Nelle traversate Ustica-Palermo e Palermo-Napoli il mare era pessimo; tuttavia non ho sofferto. La traversata Palermo-Napoli merita di essere descritta: lo farò in altra lettera, quando avrò ripensato a tutti i particolari e avrò rinfrescato la memoria.
In generale il viaggio è stato per me come una lunghissima cinematografia: ho conosciuto e visto un’infinità di tipi, dai piú volgari e repugnanti ai piú curiosi e ricchi di caratteristiche interessanti.
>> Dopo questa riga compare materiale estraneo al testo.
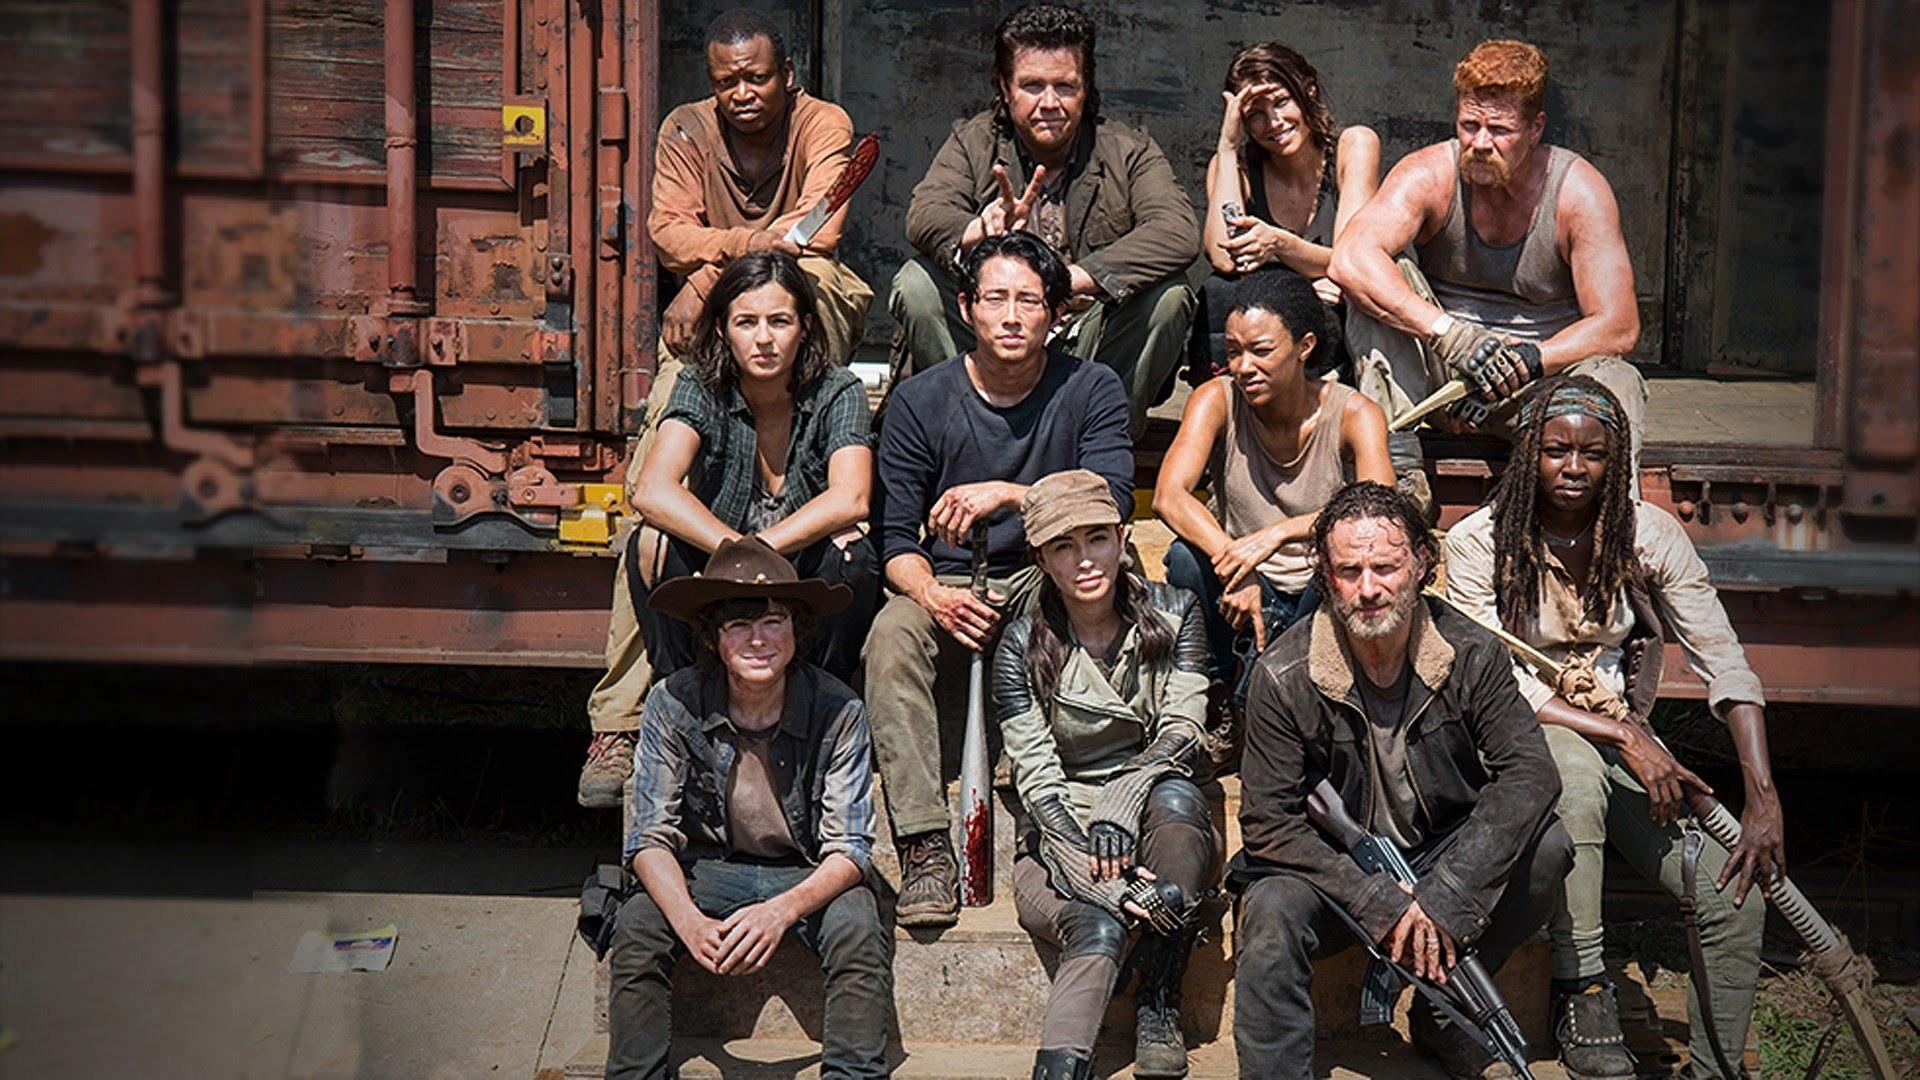 The Walking Dead Season 5 Wallpaper Wallpapertag

Ho capito come sia difficile comprendere dai segni esteriori la vera natura degli uomini; per esempio, ad Ancona, un vecchietto bonario e dalla faccia di onesto popolano di provincia, mi domandò di cedergli la mia minestra che avevo deciso di non mangiare; lo feci volentieri, colpito
dalla serenità dei suoi occhi e dalla modestia spigliata del suo fare; fui avvertito subito che era un repugnante mascalzone: aveva violentato la figlia.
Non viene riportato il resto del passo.